Compared with the existing technology, the nanocrystalline preparation method of cesium iodide of the invention has synthesized the ionic of different-shape
Cesium iodide is nanocrystalline, and the cesium iodide obtained is nanocrystalline without other phases or impurity, the also not presence of by-product, purity
Up to 99.9% or more.In preparation method preparation process of the invention, have simple process, nanocrystalline morphology controllable etc. excellent
Gesture.
Cesium iodide provided by the invention is nanocrystalline to be used as nanometer scintillator, three-dimensional confinement effect and electrons and holes wave
Preferably overlapping occurs for function, has optical transition ability more better than its block materials and efficiency, while also can be in certain journey
Block scintillator material deficiency slow on the reaction time is made up on degree.Therefore, imaging of medical, electronics hair be can be widely applied to
The fields such as beam imaging.
Detailed description of the invention
It to describe the technical solutions in the embodiments of the present invention more clearly, below will be to needed in the embodiment
Attached drawing is briefly described, it should be apparent that, drawings in the following description are only some embodiments of the invention, for ability
For the those of ordinary skill of domain, without creative efforts, it can also be obtained according to these attached drawings other attached
Figure.
Fig. 1 is the nanocrystalline XRD spectrum of the cesium iodide that is prepared of the embodiment of the present invention 1,2,3;
Fig. 2 is nanocrystalline transmission electron microscope (TEM) figure of the spherical cesium iodide that is prepared of the embodiment of the present invention 1;
Fig. 3 is the nanocrystalline high resolution TEM (HRTEM) of the spherical cesium iodide that is prepared of the embodiment of the present invention 1
Figure;
Fig. 4 is nanocrystalline TEM, HRTEM figure of the hexagonal plate cesium iodide that is prepared of the embodiment of the present invention 2;
Fig. 5 is nanocrystalline TEM, HRTEM figure of the cubic block cesium iodide that is prepared of the embodiment of the present invention 3.
Specific embodiment
In order to make the objectives, technical solutions, and advantages of the present invention clearer, with reference to the accompanying drawings and embodiments, right
The present invention is further elaborated.It should be appreciated that described herein, specific examples are only used to explain the present invention, not
For limiting the present invention.
Present example provides a kind of preparation method that cesium iodide is nanocrystalline.The preparation method at least includes the following steps:
Caesium source precursor solution is reacted into 5~12min with propiodal precursor solution at 165~195 DEG C, reaction terminates vertical
I.e. quenching is handled, and it is nanocrystalline to obtain cesium iodide;
Caesium source precursor solution, propiodal precursor solution are insoluble oxygen molecule, hydrone.

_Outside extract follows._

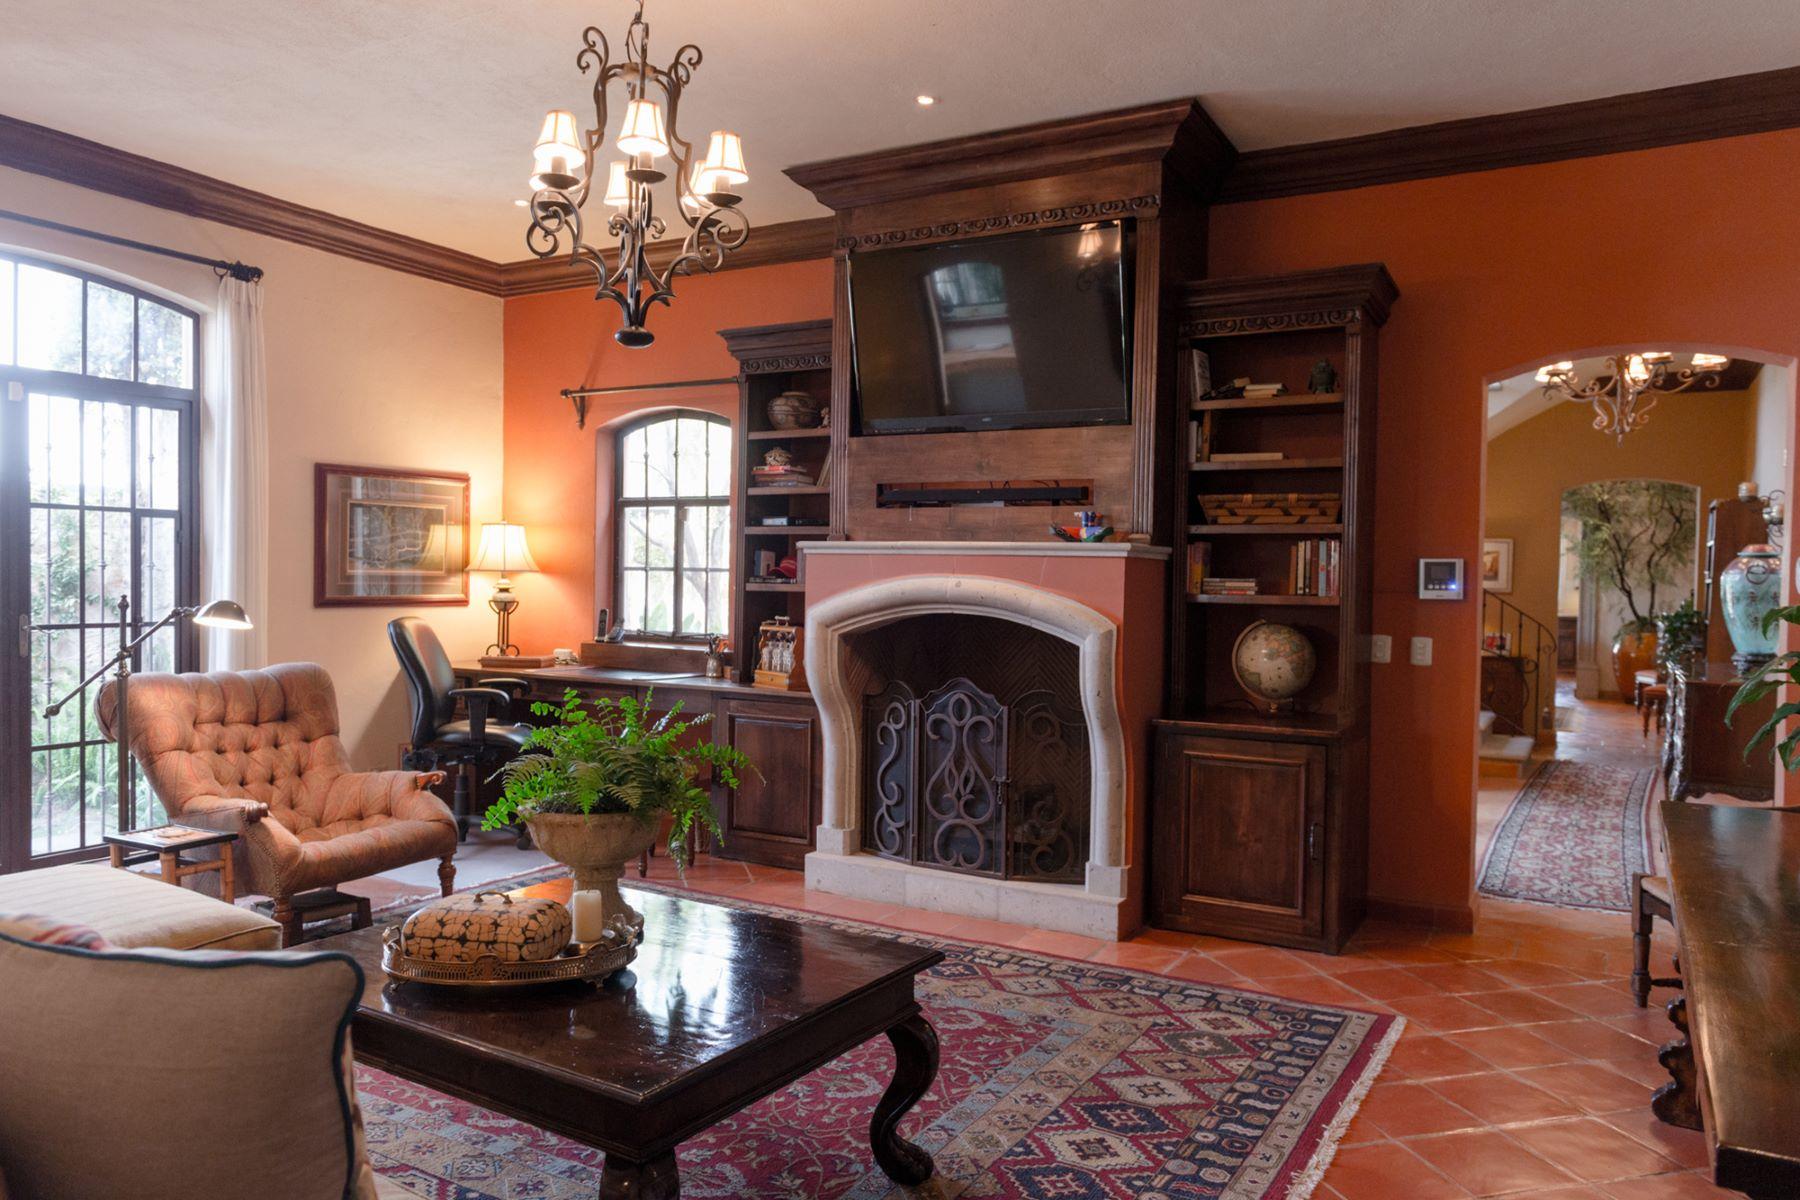 Additional photo for property listing at CASA LA QUINTA San Miguel De Allende, Guanajuato México

Preparation method technical solution of the invention is further explained in detail below.
Above-mentioned caesium source precursor solution is the caesium source precursor solution of octadecene and oleic acid, that is, solvent is 18
The mixture of carbene and oleic acid, solute are the substance containing caesium.
Preferably, in the precursor solution of the caesium source, the volume ratio of octadecene and oleic acid mixture is (28~35): 1.
Caesium source is dissolved in the in the mixed solvent obtained under the proportion by octadecene and oleic acid, caesium source solution rate is fast, can obtain
Good oil-phase solution.
Preferably, caesium source is cesium carbonate.
It other side reactions occurs and is preparing cesium iodide nanometer to avoid cesium carbonate from being dissolved in octadecene and oleic acid
There is side reaction during brilliant, need before octadecene, oleic acid to be to cesium iodide dissolution, is dried, deoxygenation processing, mentions
The purity of high octadecene and oleic acid reduces a possibility that side reaction occurs.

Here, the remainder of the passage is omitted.